Objectives: Non-operative management of abdominal gunshot injuries has become the standard care in the selected cases of modern surgery with an acceptable success rate to reduce the incidence of unnecessary laparotomies. In this study, an assessment was conducted to determine how the success of this form of management was impacted by physical examination and radiological investigation.

Material and methods: This is a retrospective study that includes all consecutive penetrating abdominal gunshot wound patients who were admitted to the emergency department between February 2011 and December 2018. All patients with superficial gunshot wounds were excluded. The decision to perform a laparotomy on injured patients was the study's primary endpoint while the discharge of patients without surgery was its secondary endpoint.

Results: Of 429 torso gunshot wound patients, 411 were males. Average age was 29.5 years. Forty-one (9.5%) were initially treated by selective nonoperative management. Five selective non-operative management patients underwent delayed laparotomy within 12 hours after admission without complication.
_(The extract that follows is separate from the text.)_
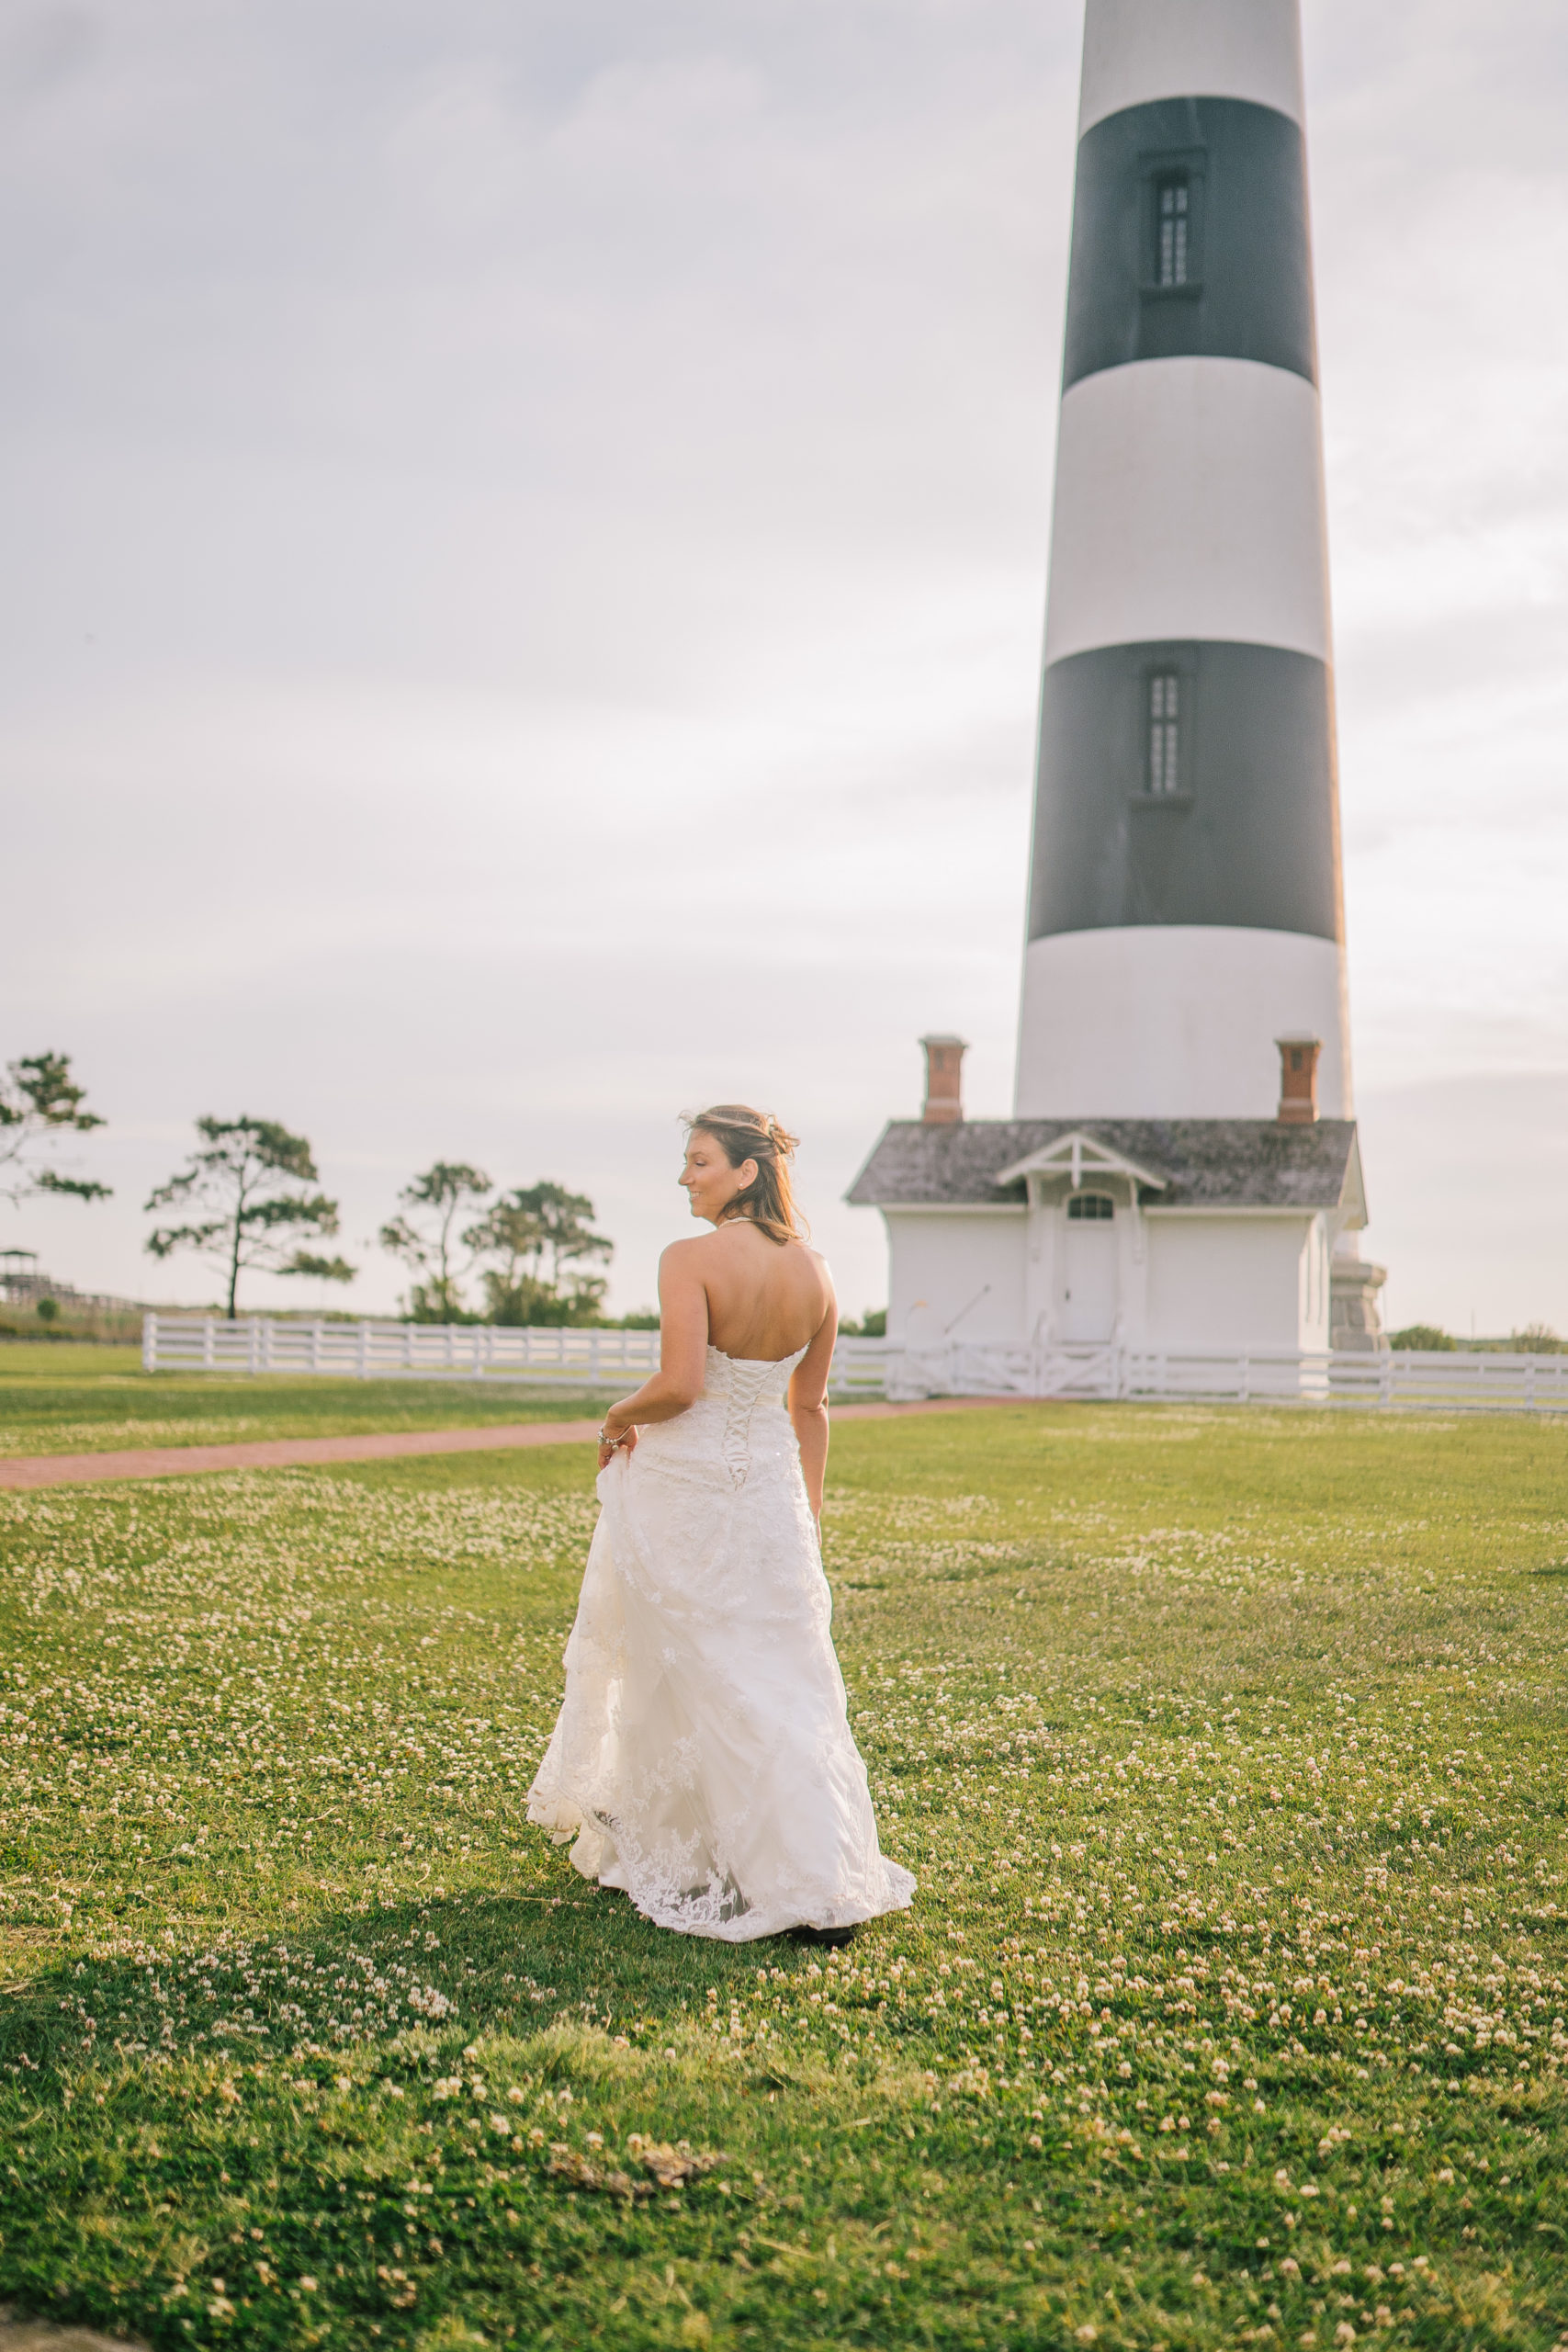 Bride ina lave mermaid gown walks on a green field on the East coast towards a striped black and white light house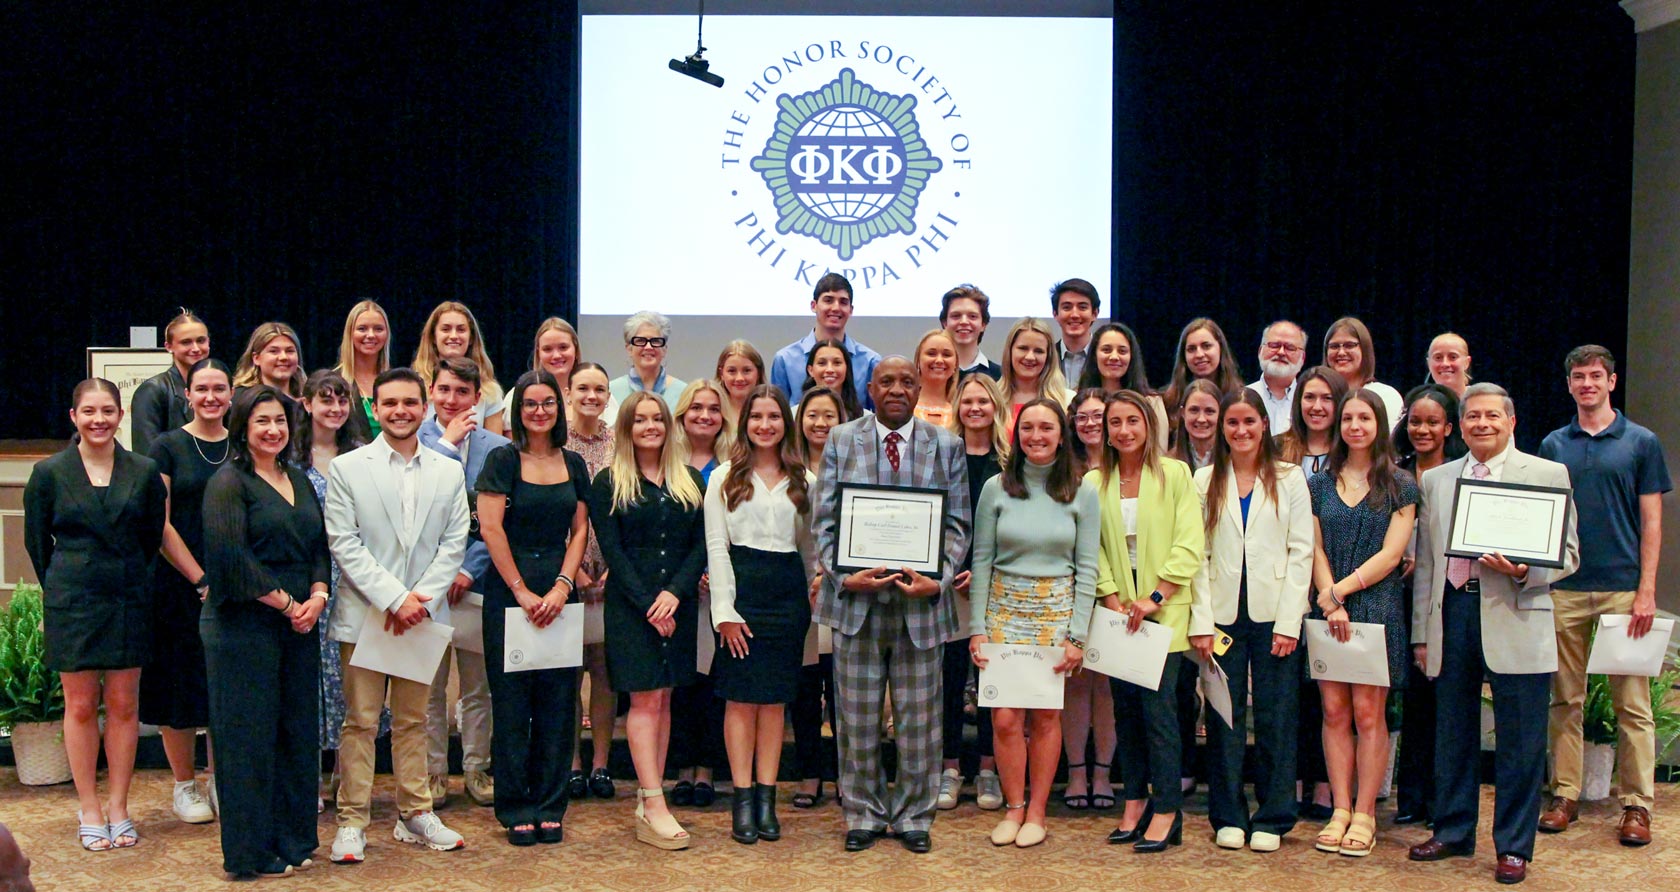 A substantial gathering of newly initiated Phi Kappa Phi members stands united on a stage, with the Phi Kappa Phi logo displayed on a background screen. Several members proudly hold certificates.

In the end, 36 (88%) of the 41 patients were successfully treated without undergoing surgery, with only one patient developing pleural effusion and no mortality attributed to it. Of all injured patients, 45 (10.5%) patients had a negative laparotomy, with two of them subsequently developing an incisional hernia.

Conclusion: The success rate of non-operative management of torso gunshot injuries can be increased significantly in stable patients by adopting the strategy of repeated physical examinations alone or in conjunction with simultaneous radiological imaging.